From running the following cell, general property extraction and CoV is performed to extract details from the literature that are relevant in synthesis extraction such as:
- CSD Reference Code
- Metal precursor
- Linker
- Solvent used for synthesis
- Temperature of reaction
- Reaction time
- The synthesis procedure itself
- Reference (DOI)

In [25]:
# Process in batches, but stop after processing batch_size MOFs
for batch_start in range(0, total_remaining, saving_every):
    if total_processed >= batch_size:
        break  # Stop execution when batch_size MOFs are processed

    batch_df = remaining_df.iloc[batch_start:batch_start + saving_every]
    
    # Track number of rows before processing this batch
    prev_length = len(results["Reference"])

    # Process each row in the batch
    for i, row in batch_df.iterrows():
        reference = row["DOI"]
        mof = row["MOF Name"]
        refcode = row["CSD Ref Code"]

        # Skip if refcode doesn't meet criteria
        if len(refcode) > 8 or refcode.lower() == "not provided":
            continue
        
        # Generate file name based on reference
        file_name = reference.replace("/", "_") + ".md"
        
        # Get synthesis extraction via agent response
        try:
            response = agent.agent_response(mof, file_name,
                                            SYNTHESIS_EXTRACTION, CoV=False, filtered=False,
                                            gen_extraction_structure=Synthesis,
                                            vector_store=os.path.join(input_folder, reference.replace("/", "_", 1)))
            synthesis_extraction = response

            # Append extracted synthesis data to results dictionary
            results["Metal Precursor"].append(getattr(synthesis_extraction, "metal_precursor", ""))
            results["Linker"].append(getattr(synthesis_extraction, "organic_linker", ""))
            results["Solvent"].append(getattr(synthesis_extraction, "solvent", ""))
            results["Temperature"].append(getattr(synthesis_extraction, "temperature", ""))
            results["Reaction Time"].append(getattr(synthesis_extraction, "reaction_time", ""))
            results["Synthesis Procedure"].append(getattr(synthesis_extraction, "synthesis_procedure", ""))
            results["Additional Conditions"].append(getattr(synthesis_extraction, "additional_conditions", ""))
            results["Justification"].append(getattr(synthesis_extraction, "justification", ""))
            results["Reference"].append(reference)
            results["CSD Ref Code"].append(refcode)
            
            total_processed += 1  # Increment the count of processed MOFs
            
            # Stop early if batch_size limit is reached
            if total_processed >= batch_size:
                break  

        except Exception as e:
            print(f"Error processing row {i} with DOI {reference}: {e}")

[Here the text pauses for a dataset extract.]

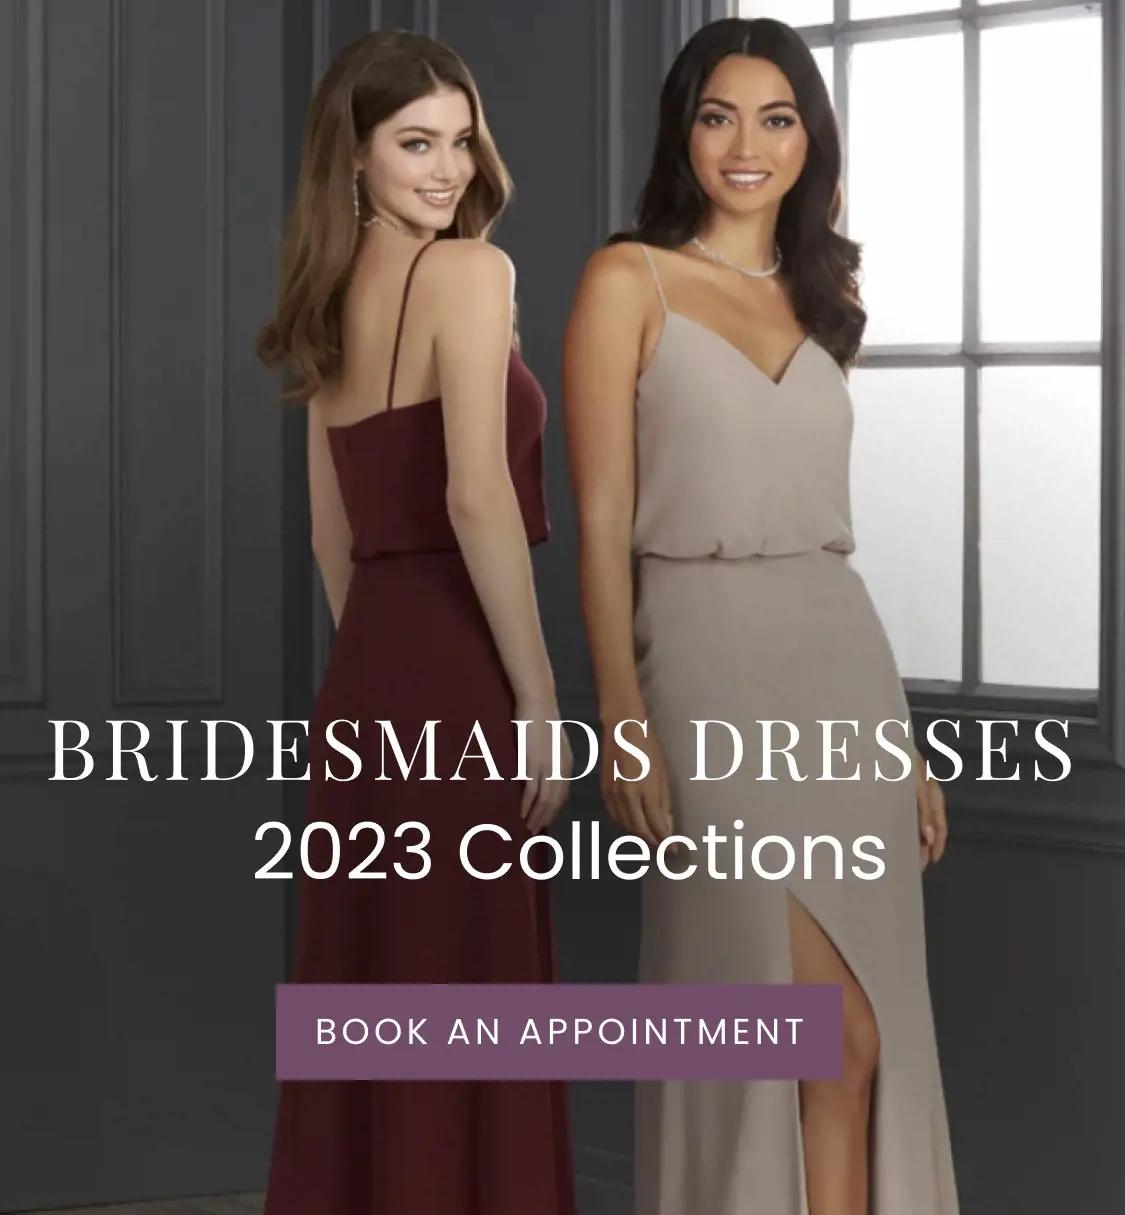 Models Wearing Bridesmaids Dresses

    # Save progress every `saving_every` MOFs
    batch_results_df = pd.DataFrame(results)
    batch_results_df.to_csv(results_file, index=False)

    # Calculate remaining MOFs
    # Correct calculation of remaining MOFs
    remaining_to_process = max(total_remaining - total_processed, 0)

    print(f"✅ {total_processed} MOFs processed so far. {remaining_to_process} remaining this batch. Progress saved to {results_file}.")

# Final completion message
if total_processed >= batch_size:
    print(f"🚫 Processing stopped after {batch_size} MOFs. {remaining_to_process} MOFs still need processing. Restart script to continue.")
else:
    print("✅ Processing complete! All MOFs processed.")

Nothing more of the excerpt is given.